You paid for a Tivo. You got a Tivo.


----------



## GoodSpike (Dec 17, 2001)

trip1eX said:


> You paid for a Tivo. You got a Tivo.


Tivo was a much better experience 10 years ago, or maybe I was expecting less back then.

Look at the skip forward versus scan forward. They've programmed that choice, but they don't want to make it a menu choice, because they don't give a crap about their customers. Ditto the clock feature. I don't remember the company having its head so far up its ass ten years ago.


----------



## trip1eX (Apr 2, 2005)

GoodSpike said:


> Tivo was a much better experience 10 years ago, or maybe I was expecting less back then.
> 
> Look at the skip forward versus scan forward.
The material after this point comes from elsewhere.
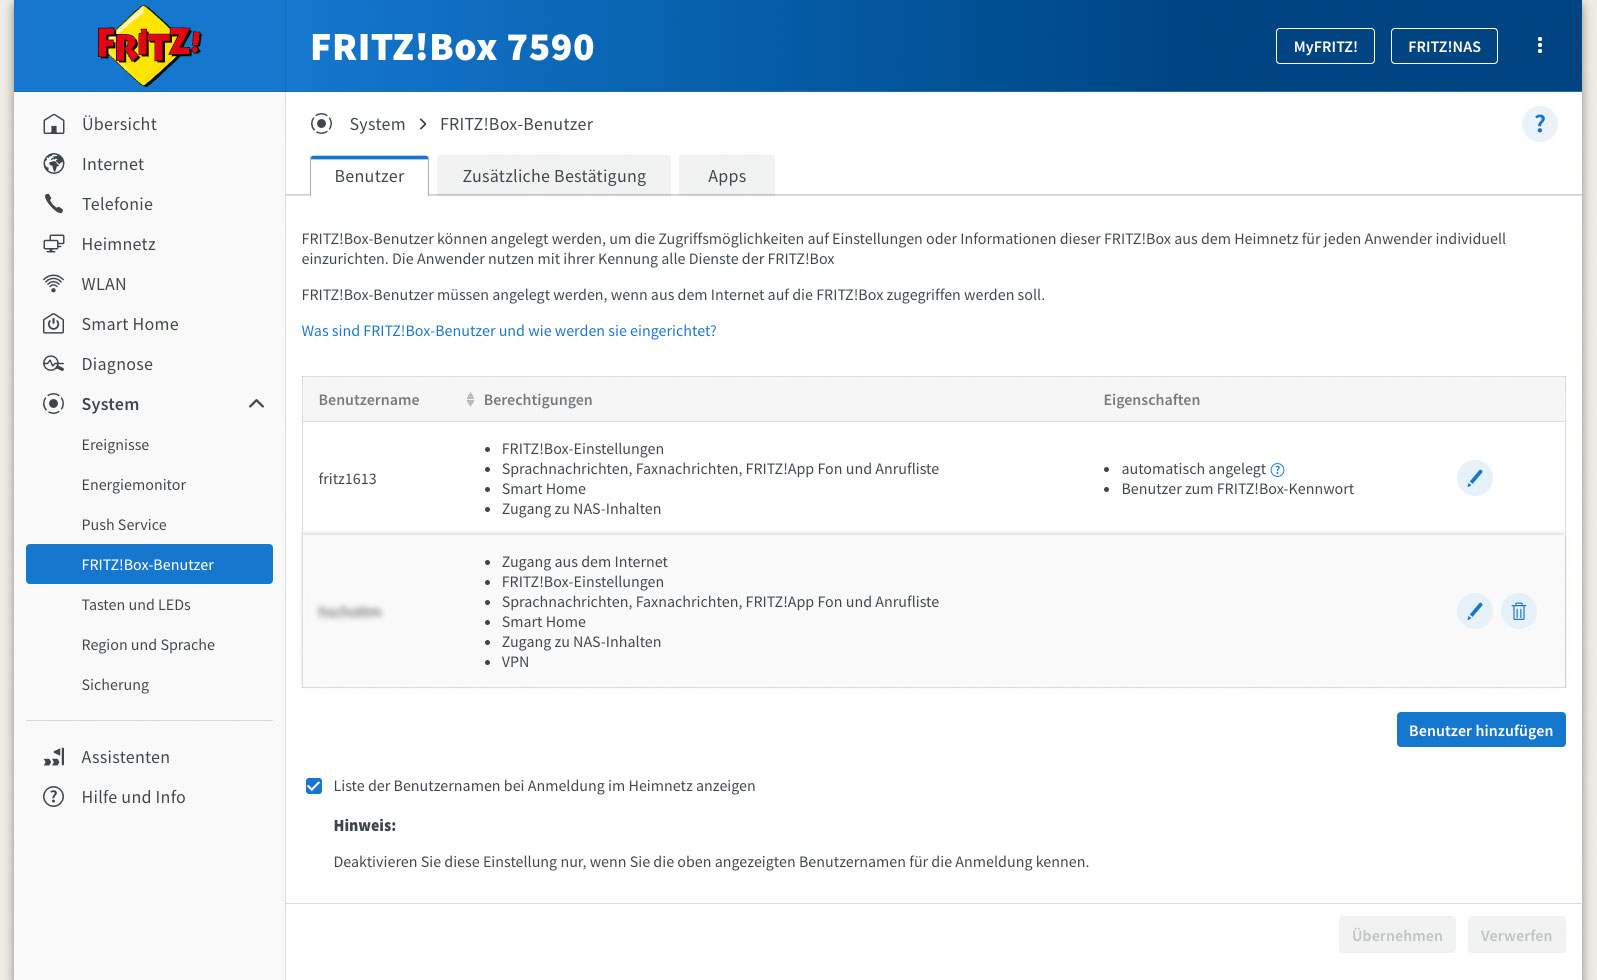 FRITZ!Box user settings

They've programmed that choice, but they don't want to make it a menu choice, because they don't give a crap about their customers. Ditto the clock feature. I don't remember the company having its head so far up its ass ten years ago.


IT's a possibility that not having a wished for feature doesn't mean not giving a crap about their customers, or being heavy handed or having their head up their ass or being arrogant or enjoy telling you what to do etc. 

Could just be me though.

Anyway this is their product. I've pretty much concluded that they don't have alot of resources to refine the cable recording experience. Cable companies have relegated them to a nice in the marketplace.

That the cable recording experience is good enough for vast majority of the market.

And thus they have to focus on big back of the box features with their limited resources.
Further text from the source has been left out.